The task: Leaving the pictures aside, write out the whole listing below exactly.

Recorded data:
○ ○ ○

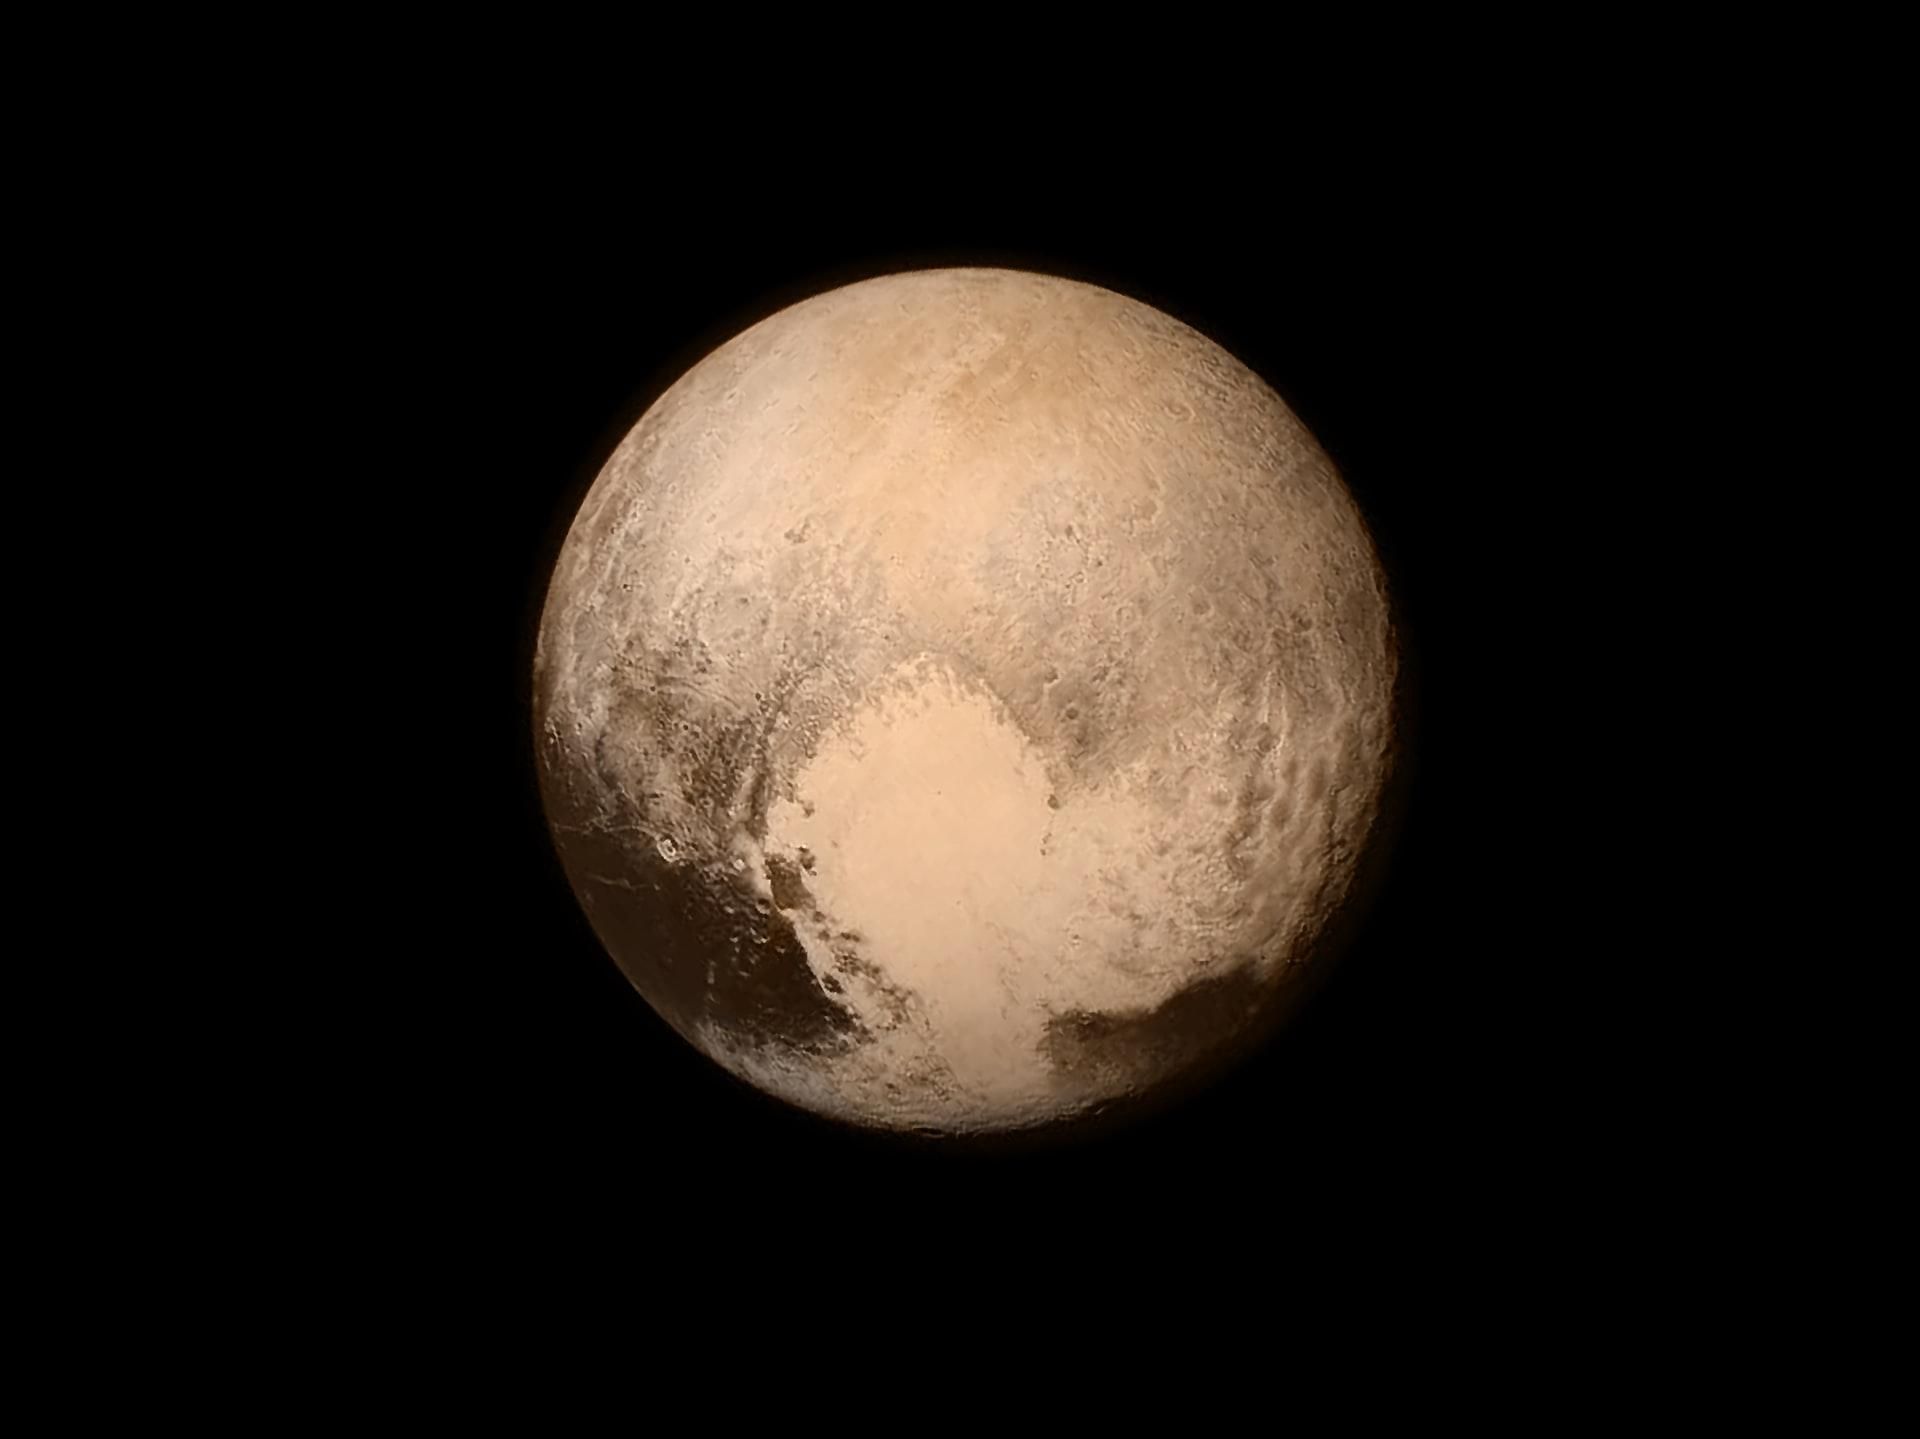 Група астрономів хоче повернути Плутону статус планети: які їхні аргументи - Новини технологій - Техно
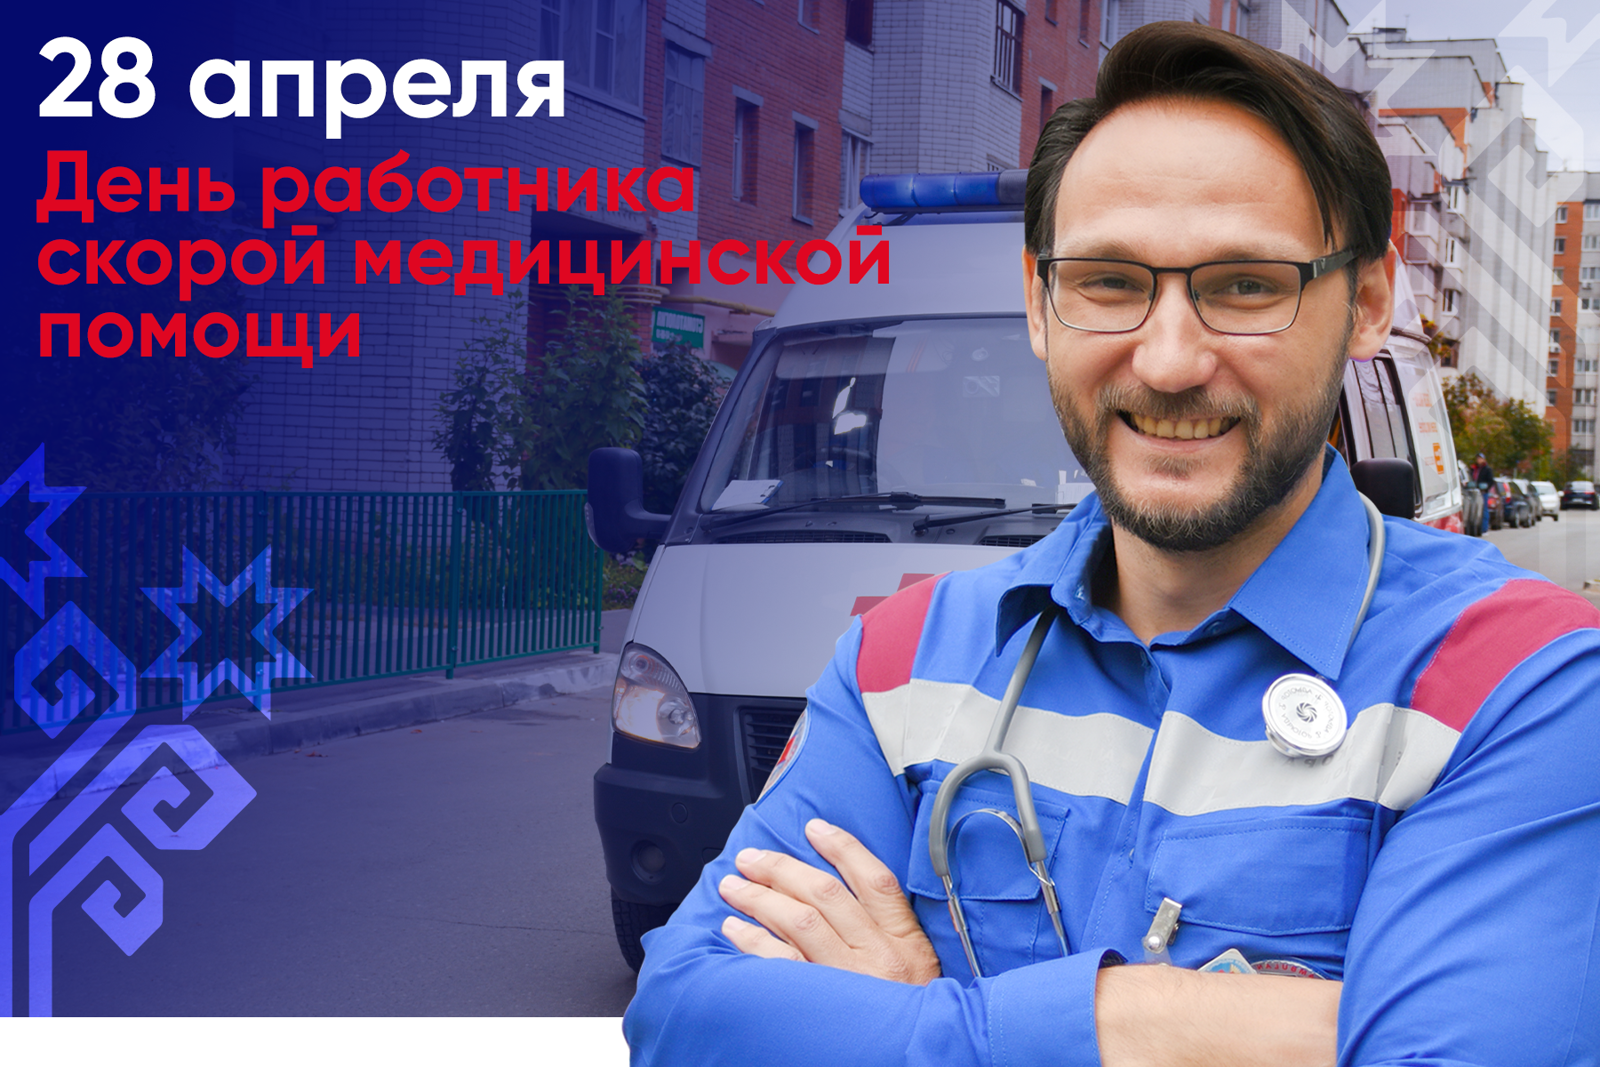 Олег Николаев поздравляет с Днем работников скорой медицинской помощи
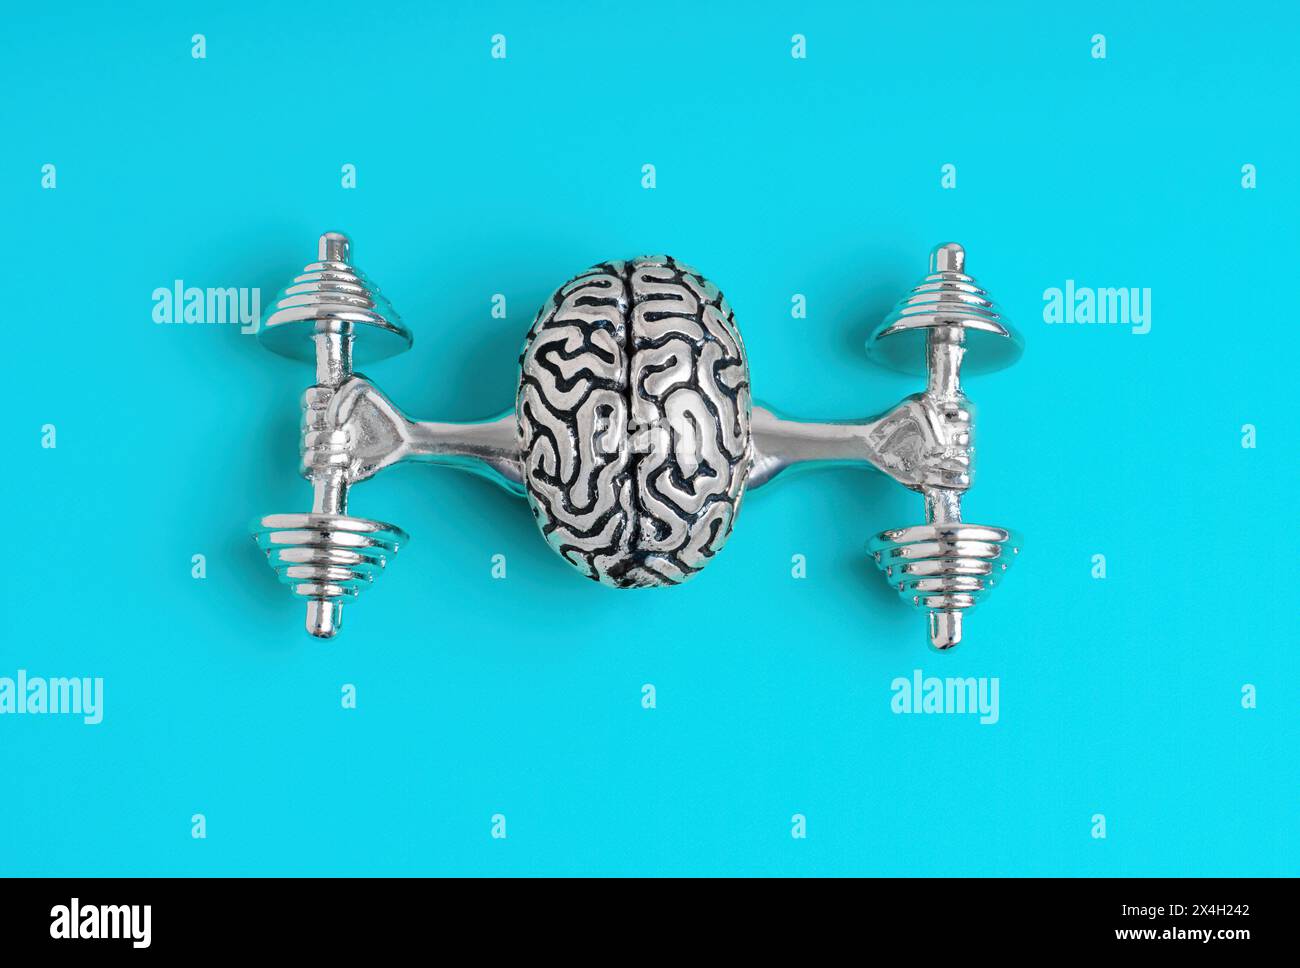 Statuetta del cervello umano in metallo che solleva manubri pesanti con braccia forti, vista dall'alto. Concetto correlato all'esercizio mentale. Foto Stock
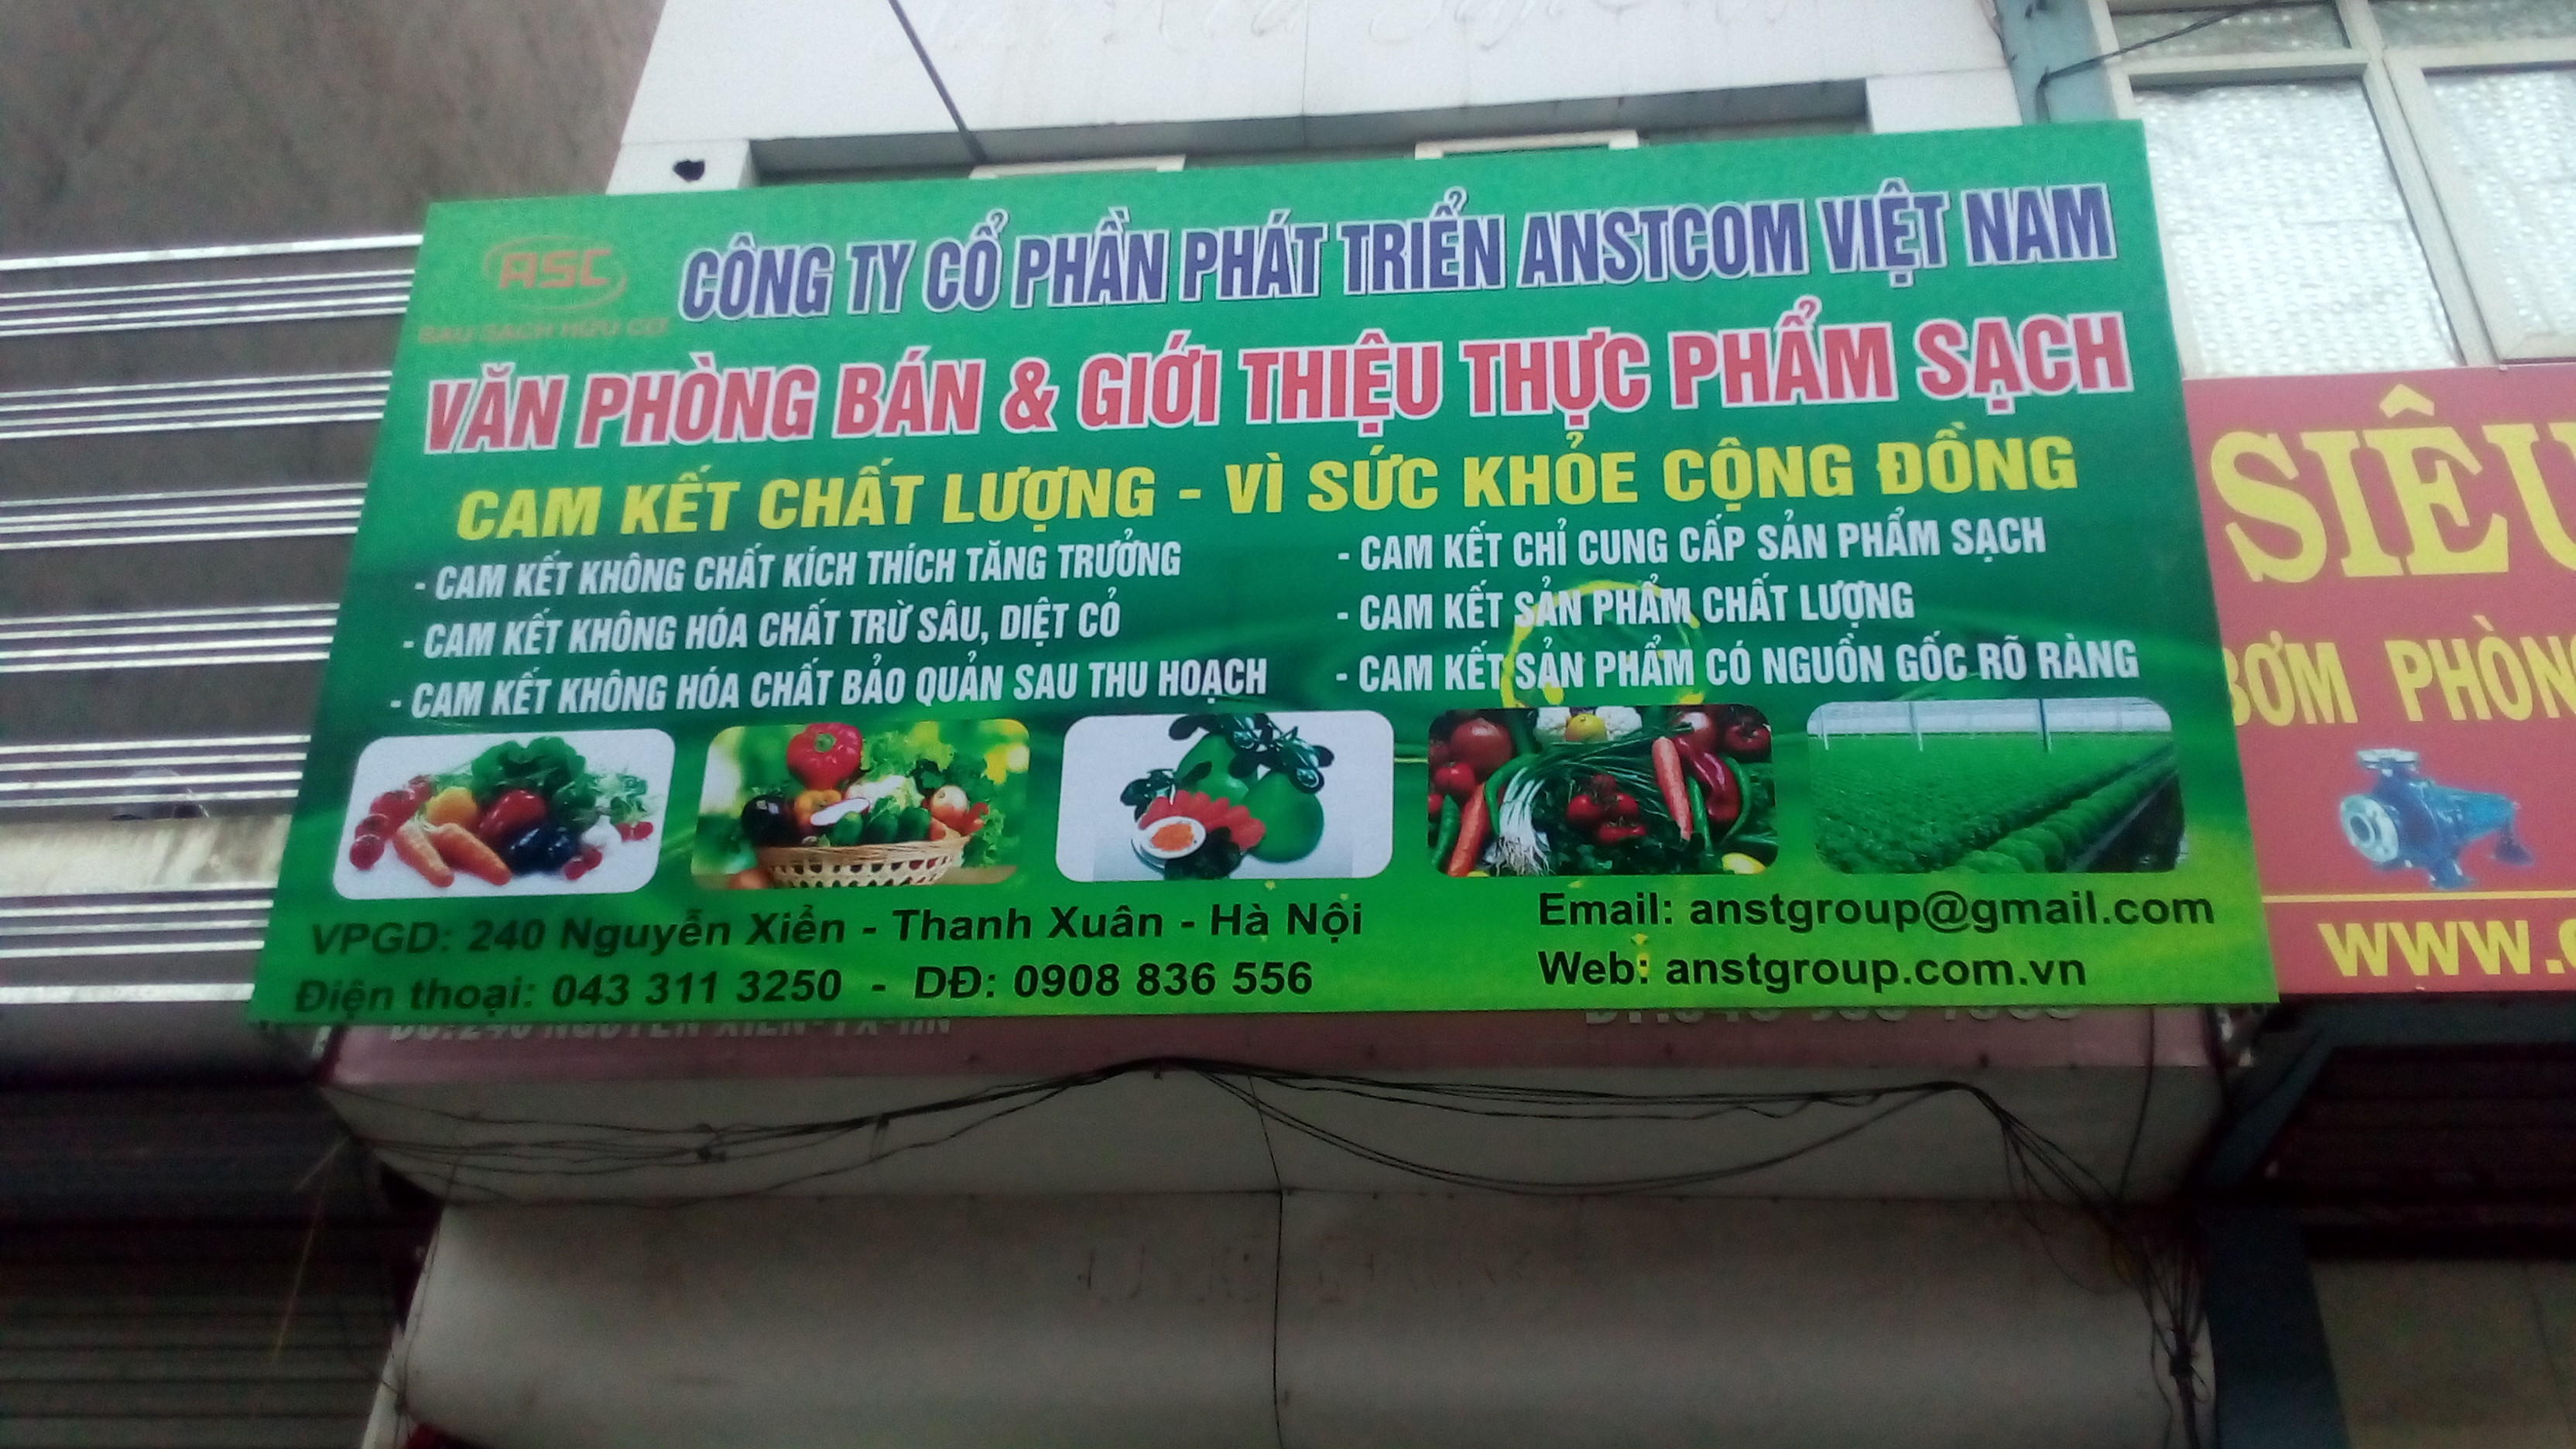 Lắp đặt kệ bày thực phẩm sạch cho công ty Anstcom Việt Nam

○ ○ ○

Written answer:
 Група астрономів хоче повернути Плутону статус планети: які їхні аргументи - Новини технологій - Техно
 Олег Николаев поздравляет с Днем работников скорой медицинской помощи
 Statuetta del cervello umano in metallo che solleva manubri pesanti con braccia forti, vista dall'alto. Concetto correlato all'esercizio mentale. Foto Stock
 Lắp đặt kệ bày thực phẩm sạch cho công ty Anstcom Việt Nam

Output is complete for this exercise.